▽

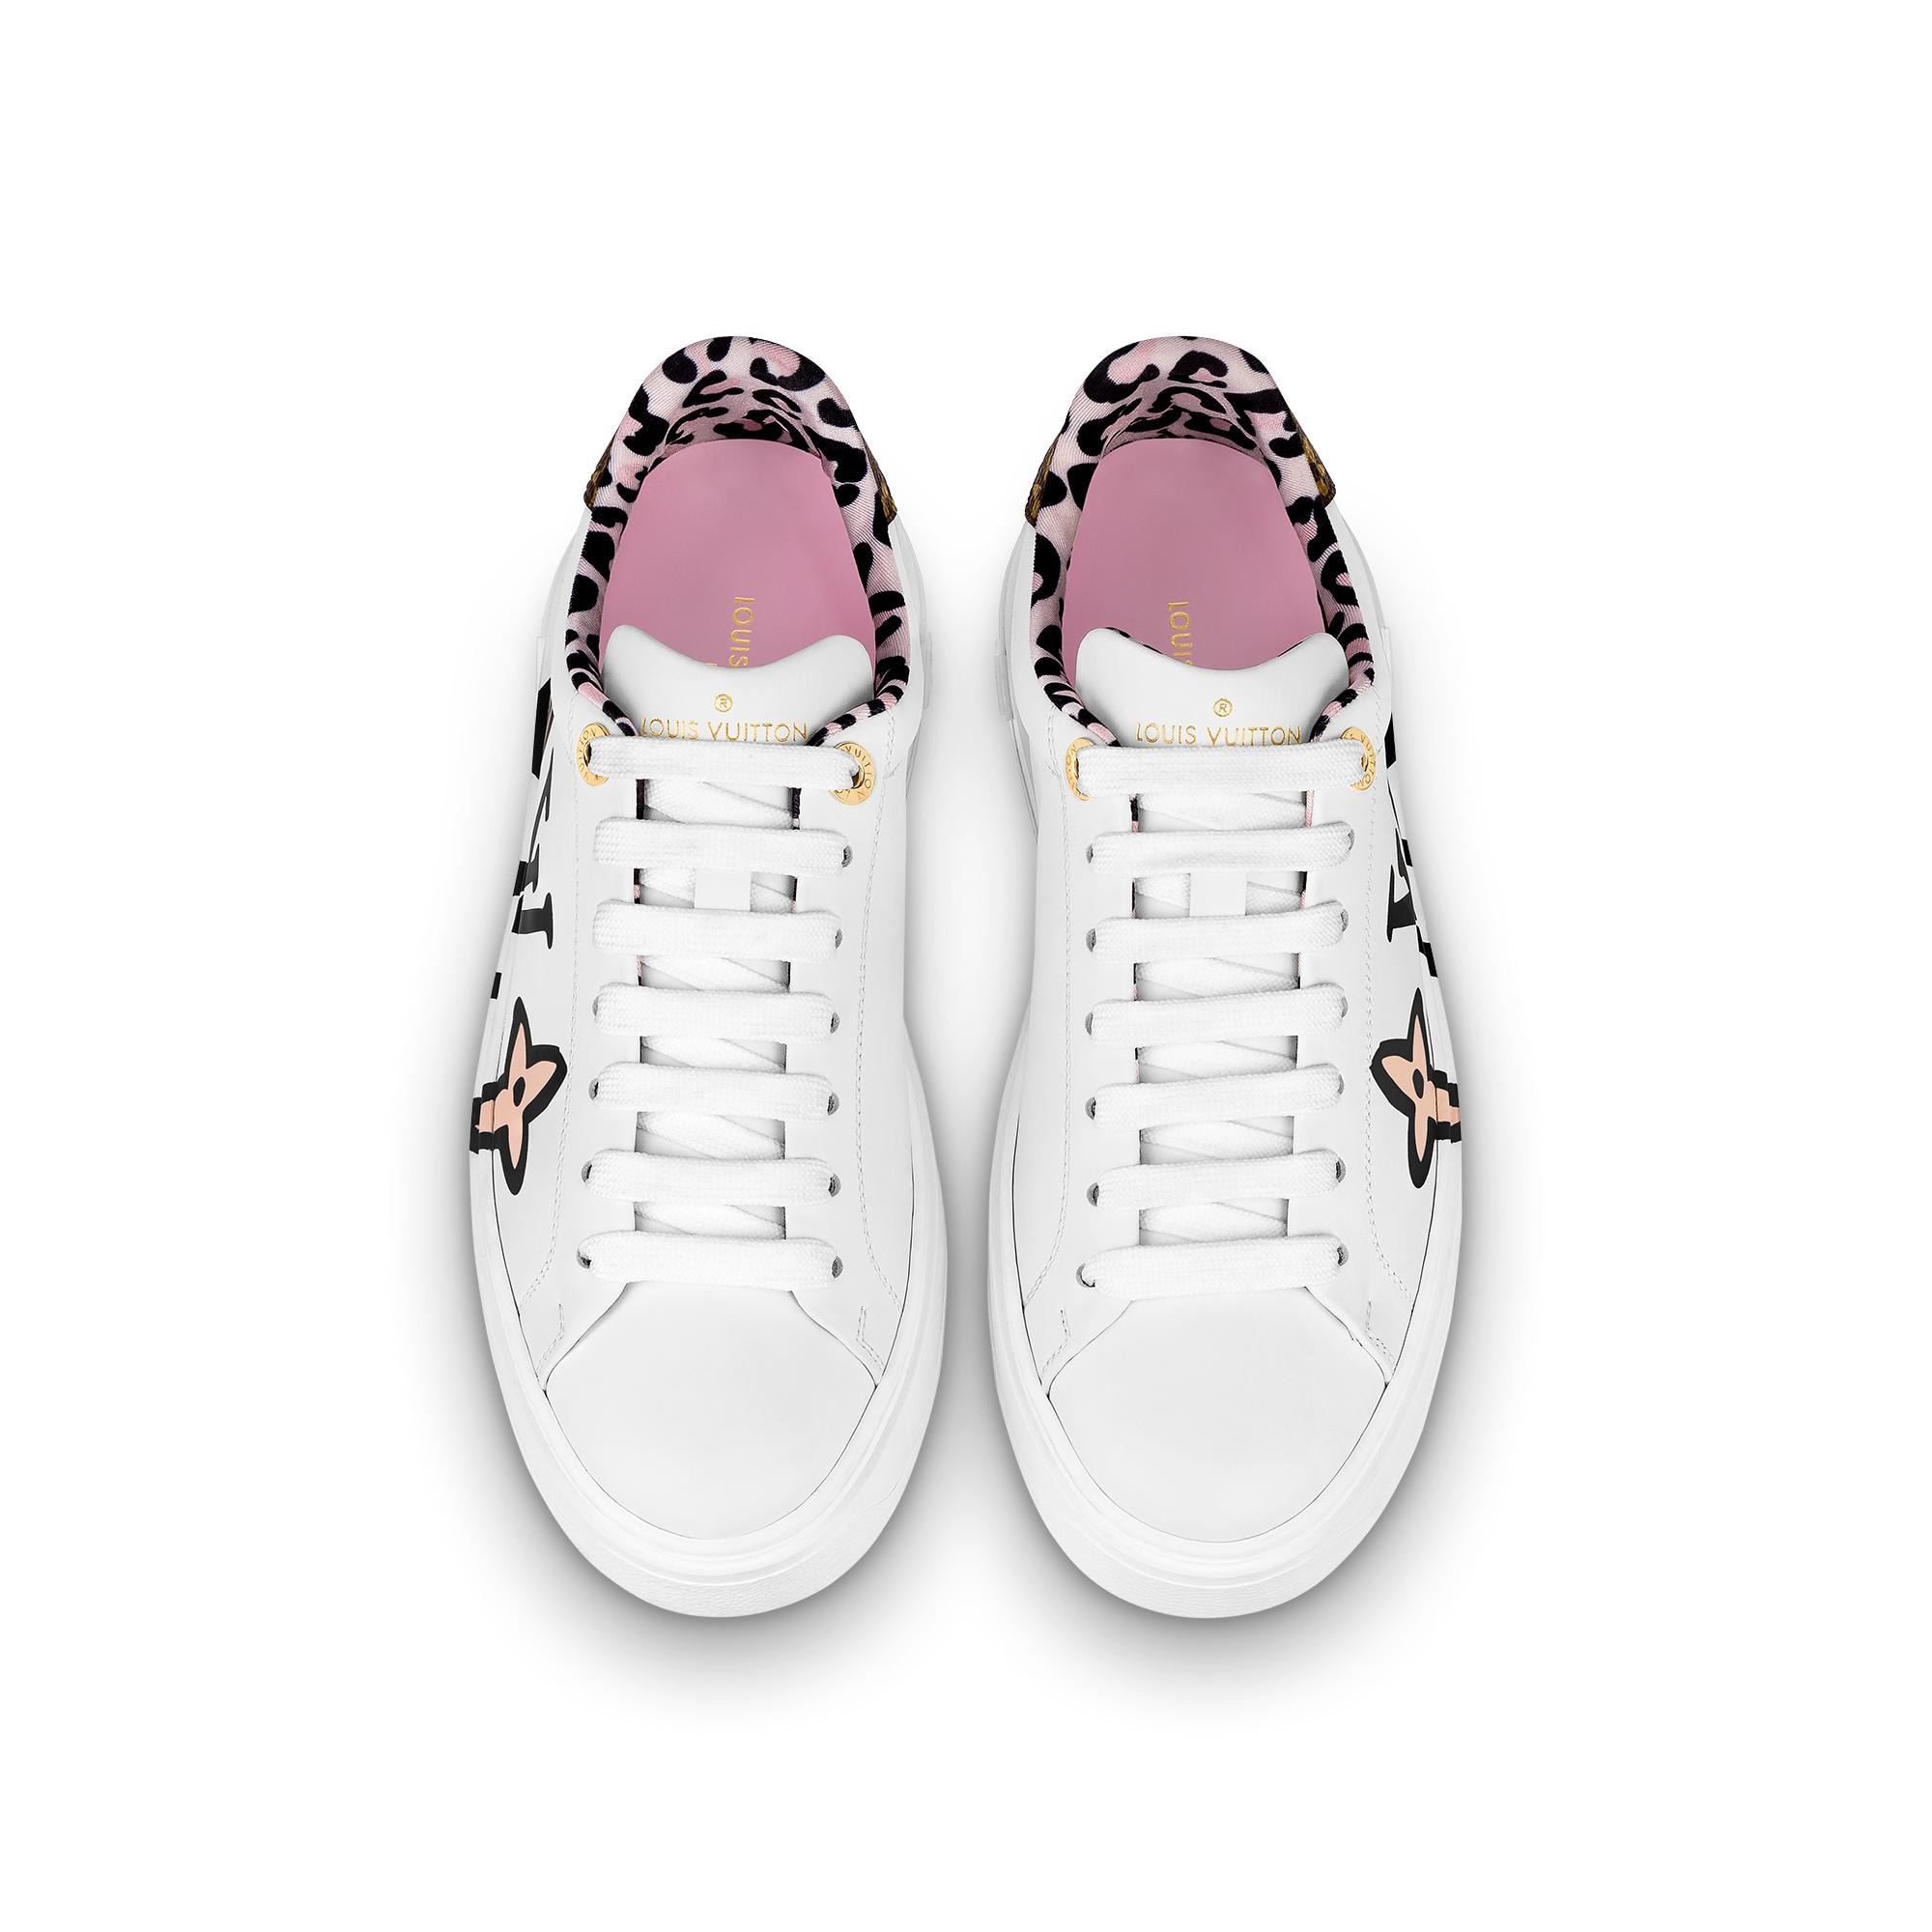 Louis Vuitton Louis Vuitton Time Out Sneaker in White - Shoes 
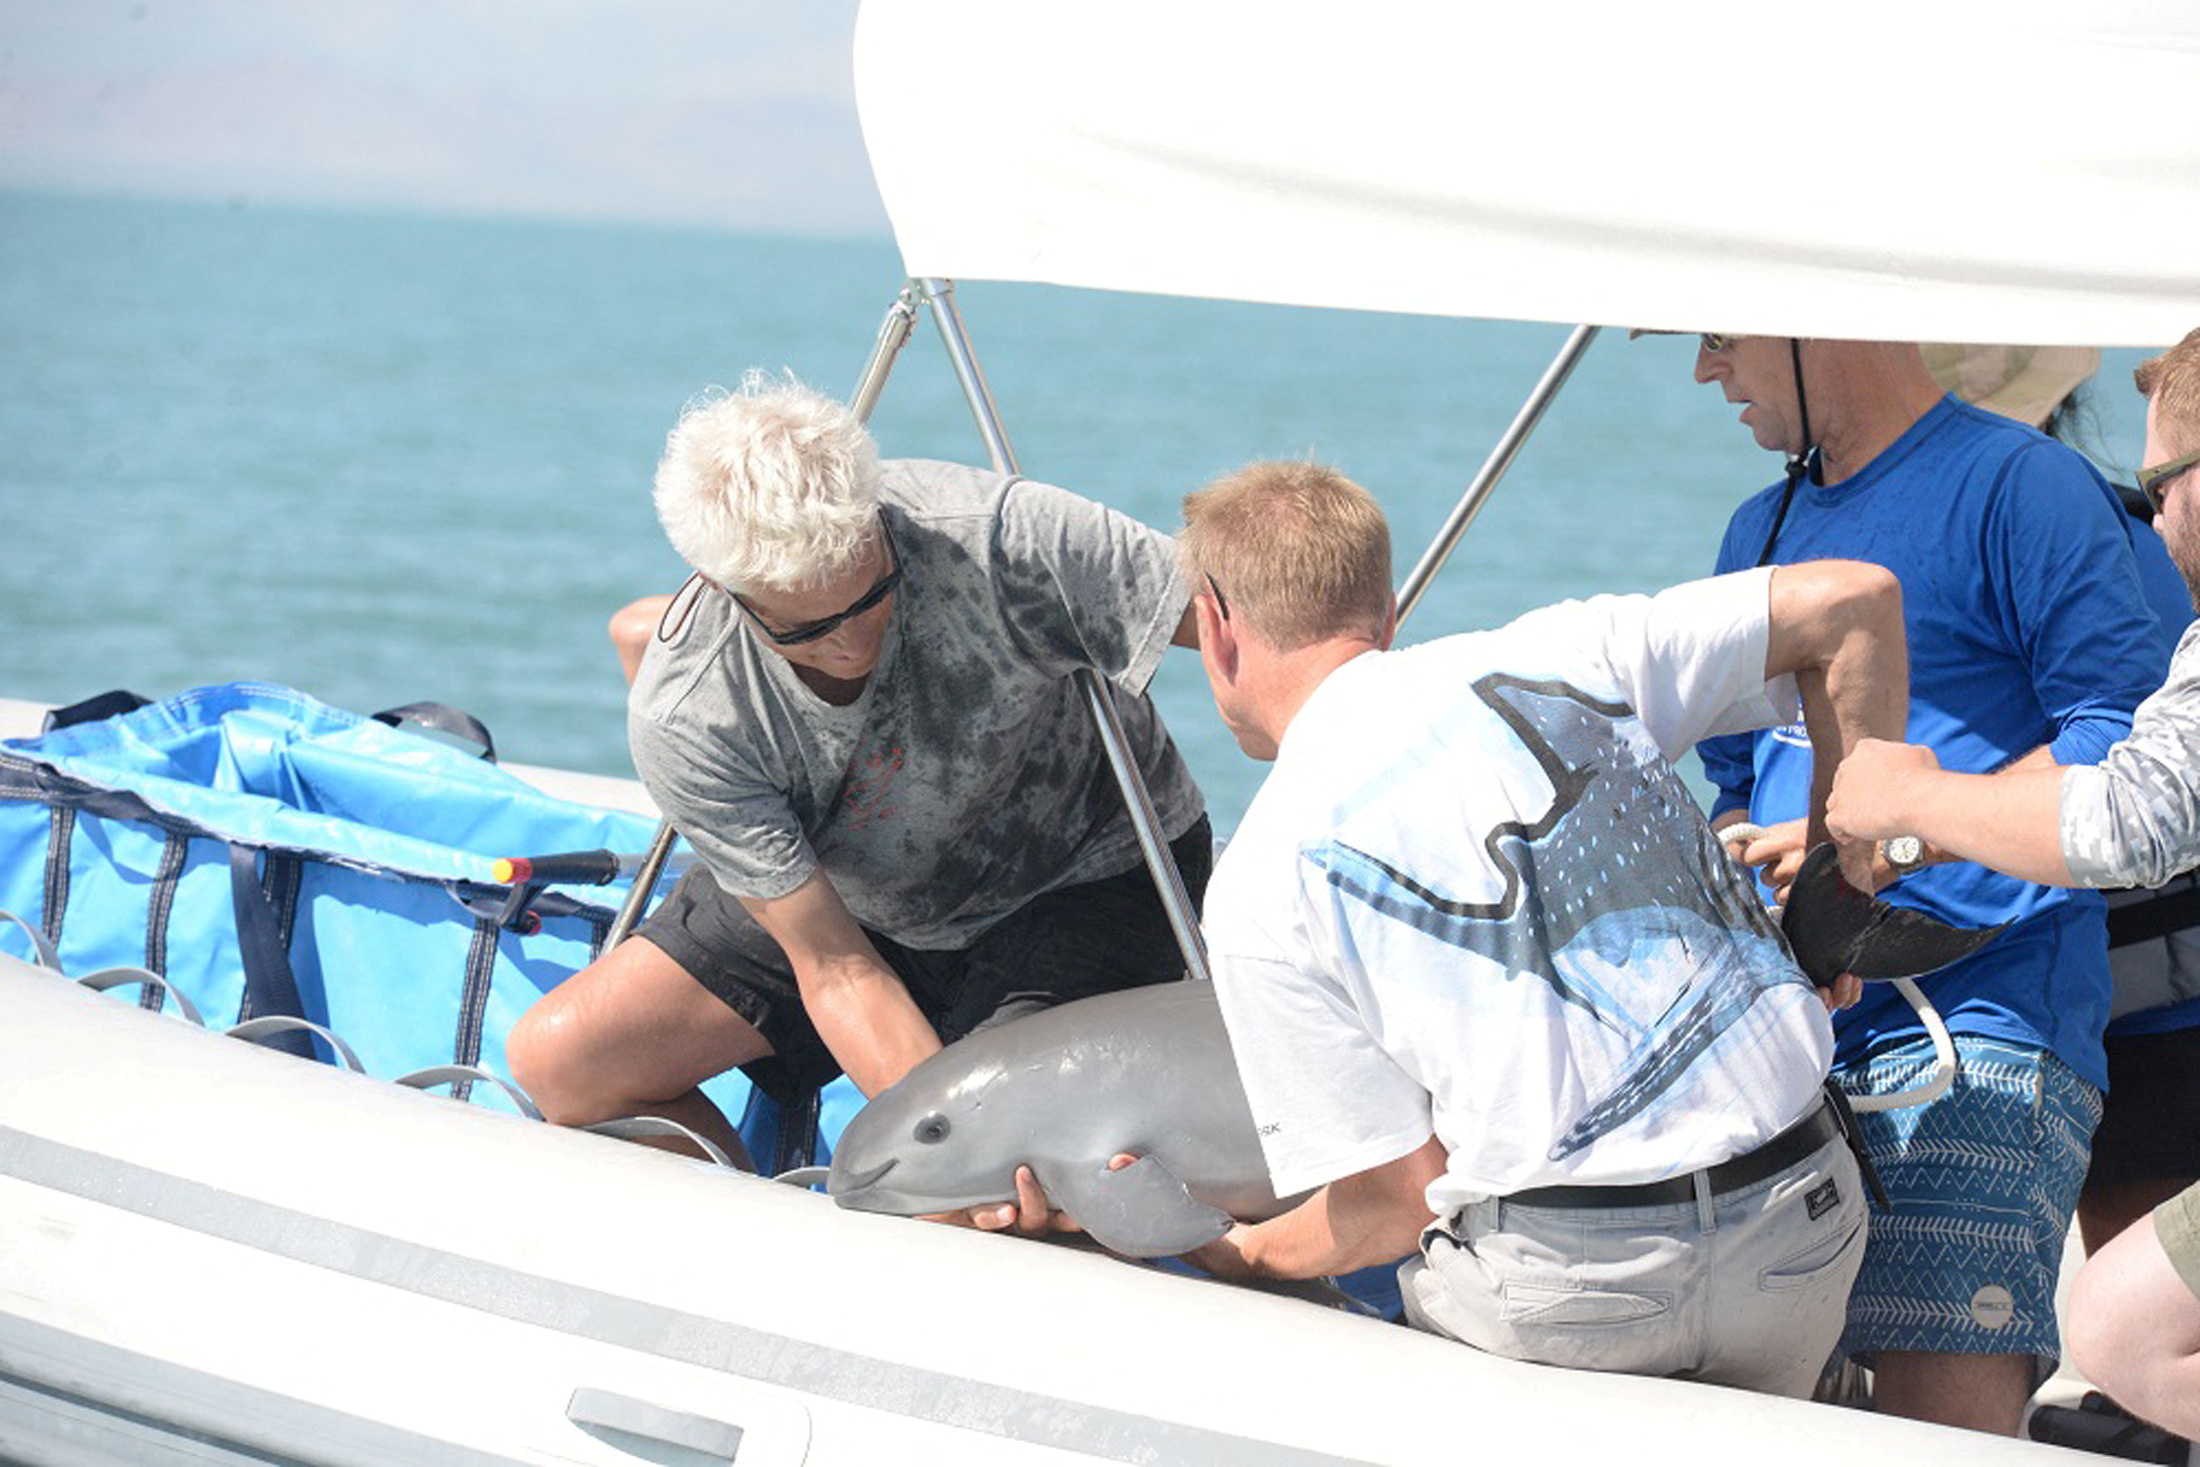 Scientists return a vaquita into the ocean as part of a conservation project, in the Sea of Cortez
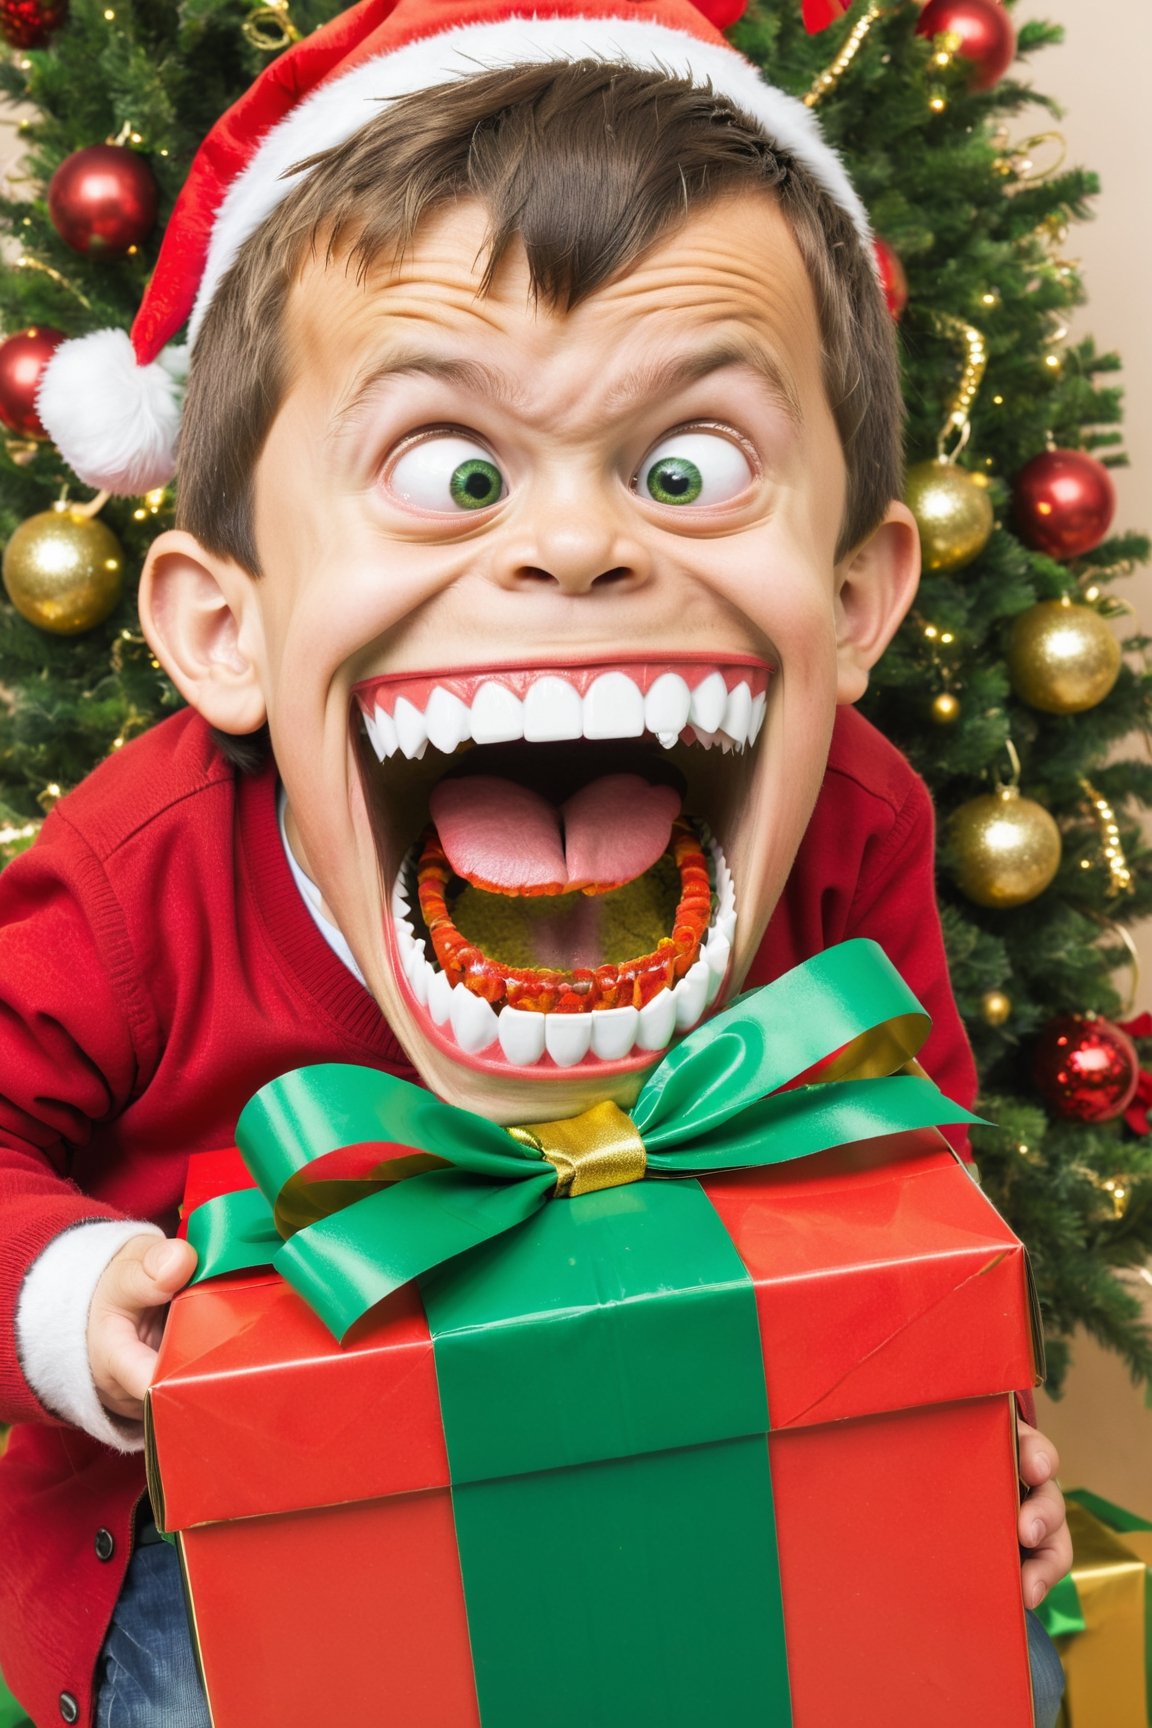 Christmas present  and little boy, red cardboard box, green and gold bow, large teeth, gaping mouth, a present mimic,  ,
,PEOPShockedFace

△

## [WORK TO BE COMPLETED]
Give back the whole listing exactly; no pictures.

## [ANSWER FOR THIS EXERCISE]
 Louis Vuitton Louis Vuitton Time Out Sneaker in White - Shoes 
 Scientists return a vaquita into the ocean as part of a conservation project, in the Sea of Cortez
 Christmas present  and little boy, red cardboard box, green and gold bow, large teeth, gaping mouth, a present mimic,  ,
,PEOPShockedFace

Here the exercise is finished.